▸ WHAT IS REQUIRED
Please repeat each of the records that follow, exactly as written.

▸ Items listed in a dataset
..........

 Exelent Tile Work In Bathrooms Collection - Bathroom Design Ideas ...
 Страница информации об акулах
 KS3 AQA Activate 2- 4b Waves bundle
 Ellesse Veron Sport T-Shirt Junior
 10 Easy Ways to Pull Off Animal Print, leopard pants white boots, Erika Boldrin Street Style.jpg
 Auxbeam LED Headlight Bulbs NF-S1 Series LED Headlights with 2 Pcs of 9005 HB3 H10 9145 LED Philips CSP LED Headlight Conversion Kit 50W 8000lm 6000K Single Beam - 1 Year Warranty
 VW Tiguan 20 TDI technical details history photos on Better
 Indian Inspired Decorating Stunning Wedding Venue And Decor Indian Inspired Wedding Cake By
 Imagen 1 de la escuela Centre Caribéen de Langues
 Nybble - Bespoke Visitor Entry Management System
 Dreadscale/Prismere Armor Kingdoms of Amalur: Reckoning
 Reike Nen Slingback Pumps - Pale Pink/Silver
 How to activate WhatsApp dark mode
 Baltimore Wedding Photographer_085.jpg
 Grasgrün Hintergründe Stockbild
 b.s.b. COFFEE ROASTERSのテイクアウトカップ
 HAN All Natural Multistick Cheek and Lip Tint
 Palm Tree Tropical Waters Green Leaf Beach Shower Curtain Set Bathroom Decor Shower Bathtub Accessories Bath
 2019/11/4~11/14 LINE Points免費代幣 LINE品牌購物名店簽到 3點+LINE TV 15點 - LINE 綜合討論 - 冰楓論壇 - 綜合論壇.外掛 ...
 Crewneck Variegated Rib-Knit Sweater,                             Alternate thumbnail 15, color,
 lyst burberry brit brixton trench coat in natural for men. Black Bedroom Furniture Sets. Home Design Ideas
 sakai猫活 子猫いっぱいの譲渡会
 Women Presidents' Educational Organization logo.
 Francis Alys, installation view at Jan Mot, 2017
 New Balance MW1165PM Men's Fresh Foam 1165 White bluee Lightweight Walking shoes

..........

▸ RESPONSE
 Exelent Tile Work In Bathrooms Collection - Bathroom Design Ideas ...
 Страница информации об акулах
 KS3 AQA Activate 2- 4b Waves bundle
 Ellesse Veron Sport T-Shirt Junior
 10 Easy Ways to Pull Off Animal Print, leopard pants white boots, Erika Boldrin Street Style.jpg
 Auxbeam LED Headlight Bulbs NF-S1 Series LED Headlights with 2 Pcs of 9005 HB3 H10 9145 LED Philips CSP LED Headlight Conversion Kit 50W 8000lm 6000K Single Beam - 1 Year Warranty
 VW Tiguan 20 TDI technical details history photos on Better
 Indian Inspired Decorating Stunning Wedding Venue And Decor Indian Inspired Wedding Cake By
 Imagen 1 de la escuela Centre Caribéen de Langues
 Nybble - Bespoke Visitor Entry Management System
 Dreadscale/Prismere Armor Kingdoms of Amalur: Reckoning
 Reike Nen Slingback Pumps - Pale Pink/Silver
 How to activate WhatsApp dark mode
 Baltimore Wedding Photographer_085.jpg
 Grasgrün Hintergründe Stockbild
 b.s.b. COFFEE ROASTERSのテイクアウトカップ
 HAN All Natural Multistick Cheek and Lip Tint
 Palm Tree Tropical Waters Green Leaf Beach Shower Curtain Set Bathroom Decor Shower Bathtub Accessories Bath
 2019/11/4~11/14 LINE Points免費代幣 LINE品牌購物名店簽到 3點+LINE TV 15點 - LINE 綜合討論 - 冰楓論壇 - 綜合論壇.外掛 ...
 Crewneck Variegated Rib-Knit Sweater,                             Alternate thumbnail 15, color,
 lyst burberry brit brixton trench coat in natural for men. Black Bedroom Furniture Sets. Home Design Ideas
 sakai猫活 子猫いっぱいの譲渡会
 Women Presidents' Educational Organization logo.
 Francis Alys, installation view at Jan Mot, 2017
 New Balance MW1165PM Men's Fresh Foam 1165 White bluee Lightweight Walking shoes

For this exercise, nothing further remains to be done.